Между тем Елизавета Петровна никак не могла решиться принять решительные меры против своего племянника. То собиралась она оставить престол малолетнему Павлу, то вспоминала ею же заключенного в крепость Иоанна Антоновича и склонна была сделать завещание в его пользу. Словом, она «заливалась слезами, жаловалась, что Бог дал ей такого наследника»[59], как Петр Федорович, но ничего не предпринимала. Так продолжалось до 25 декабря 1761 года, когда императрица скончалась и престол беспрепятственно перешел к Петру Федоровичу.
Семилетний Павел Петрович не был сделан императором. Но известные всем окружающим намерения Елизаветы Петровны создали над головой ребенка какой-то призрак короны, который впоследствии оказался для него источником бесконечных страданий. В глазах многих людей Павел, еще не умея того понимать, был уже почти императором. Имя его со дня на день могло стать лозунгом недовольных.
С этой минуты ему предстояло разделить неизбежно трагическую судьбу всех маленьких претендентов. Спасти его могла только воля матери, которой вскоре представился случай пожертвовать своей властью благополучию сына. Но Екатерина не сделала этого. Она и сама предпочла взглянуть на него, как на претендента.
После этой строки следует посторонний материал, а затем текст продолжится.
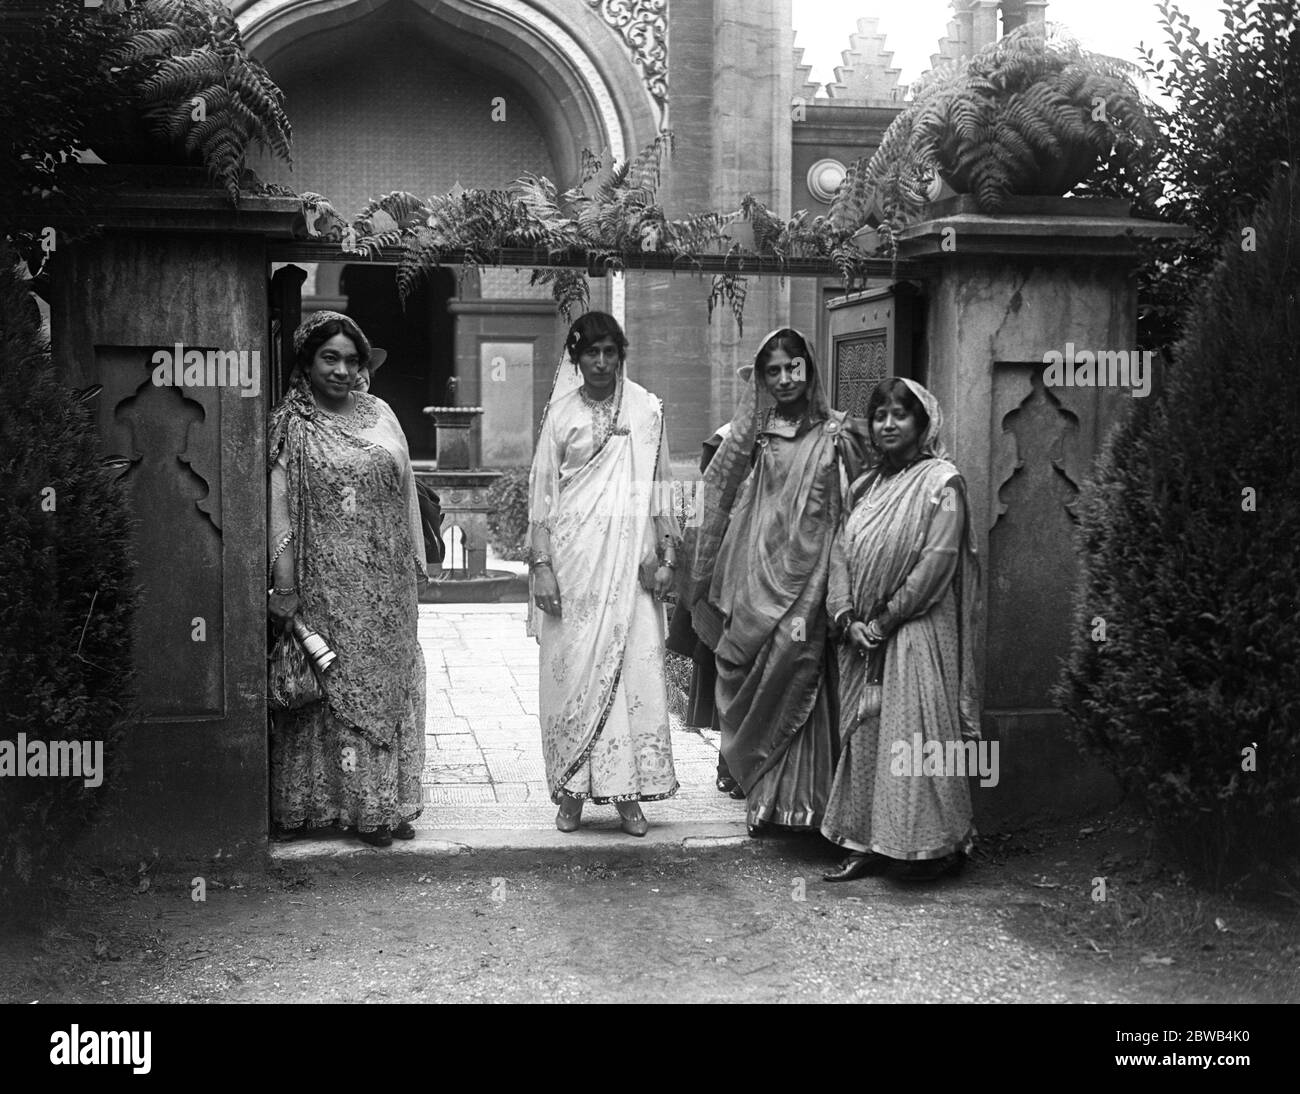 Donne indiane all'ingresso della Moschea durante il Festival musulmano dell'Eid a Woking in Surrey . 21 luglio 1917 la moschea Shah Jahan fu la prima moschea costruita appositamente in Europa al di fuori della Spagna musulmana Foto Stock
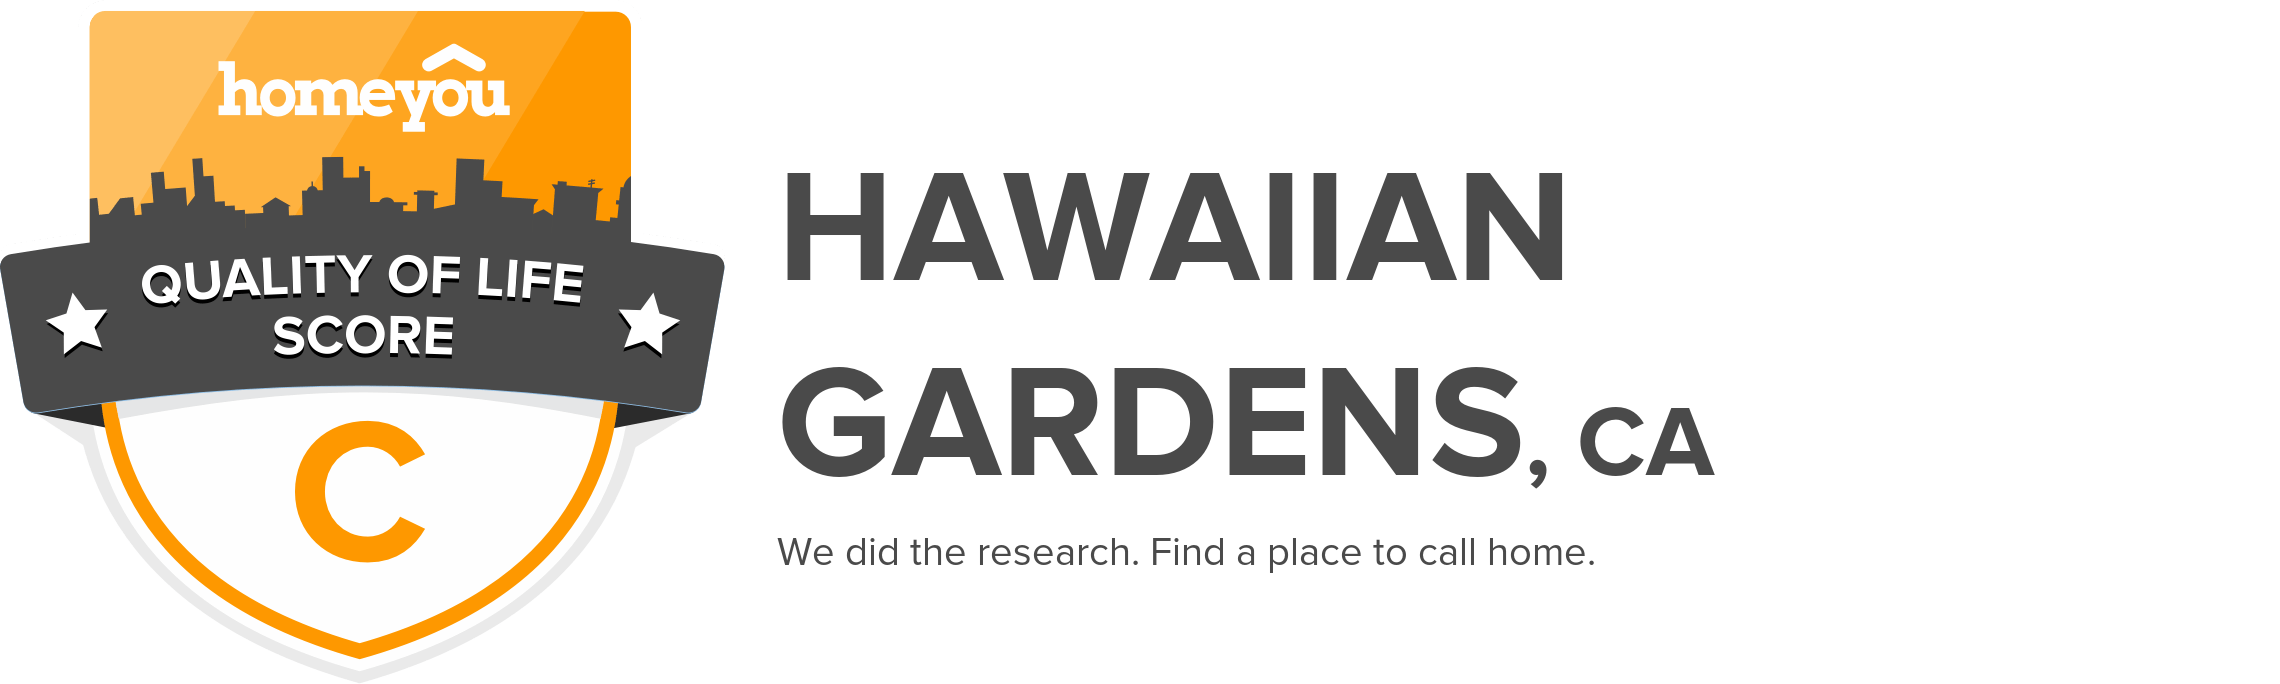 Hawaiian Gardens, CA

Петр III недолго удержался на престоле. Все же за шесть месяцев своего царствования он успел с достаточной ясностью обнаружить свое отношение к Екатерине и ее сыну. Намерение его жениться на фрейлине Елизавете Романовне Воронцовой, объявить наследником Иоанна Антоновича[60], а жену свою и Павла заключить в крепость заставило Екатерину действовать без особенных проволочек{53}. Государственный переворот был решен. 29 июня 1762 года Петр III был схвачен и отвезен в Ропшу, а Екатерина провозглашена императрицею.
Общеизвестные подробности этого события для нас несущественны. Но на некоторых предшествовавших ему обстоятельствах необходимо остановиться. Имя Павла Петровича играло в них важную роль.
Незадолго до своей кончины императрица Елизавета решила изъять Павла из рук женщин. Воспитателем к нему был назначен граф Никита Иванович Панин, человек, сыгравший впоследствии роковую роль в судьбе своего воспитанника.
В числе вельмож, содействие которых Екатерине в совершении переворота было обеспечено, находился и Панин. Однако, в то время как одни из них, например Орловы и княгиня Дашкова, предполагали, возведя Екатерину на трон, вручить ей неограниченную власть, — Панин, вместе с Чернышевым и еще некоторыми лицами, считали, что переворот должен совершиться в пользу Павла Петровича; в их планах Екатерине отводилась гораздо более скромная роль регентши при малолетнем императоре.
Что касается Орловых, один из которых, Григорий, был в это время фаворитом Екатерины, то решительно нельзя сомневаться в том, почему им хотелось видеть Екатерину обладательницей верховной и нераздельной власти. Григорий Орлов понимал, что в случае удачного исхода предприятия нетрудно будет устранить Петра III окончательно. Тогда он может стать мужем самодержицы, а родившийся от связи его с Екатериной в апреле того же года сын — наследником престола.
Вряд ли мы ошибемся, предположив, что не столь дерзкие, но не менее своекорыстные расчеты заставляли Панина выступить противником провозглашения Екатерины императрицей. Не политические взгляды, а личные интересы заставляли его мечтать лишь о ее регентстве: в этом случае ему, как наставнику молодого императора, предстояло играть в государстве главную роль. Замыслы Орловых предоставляли ему лишь второстепенную.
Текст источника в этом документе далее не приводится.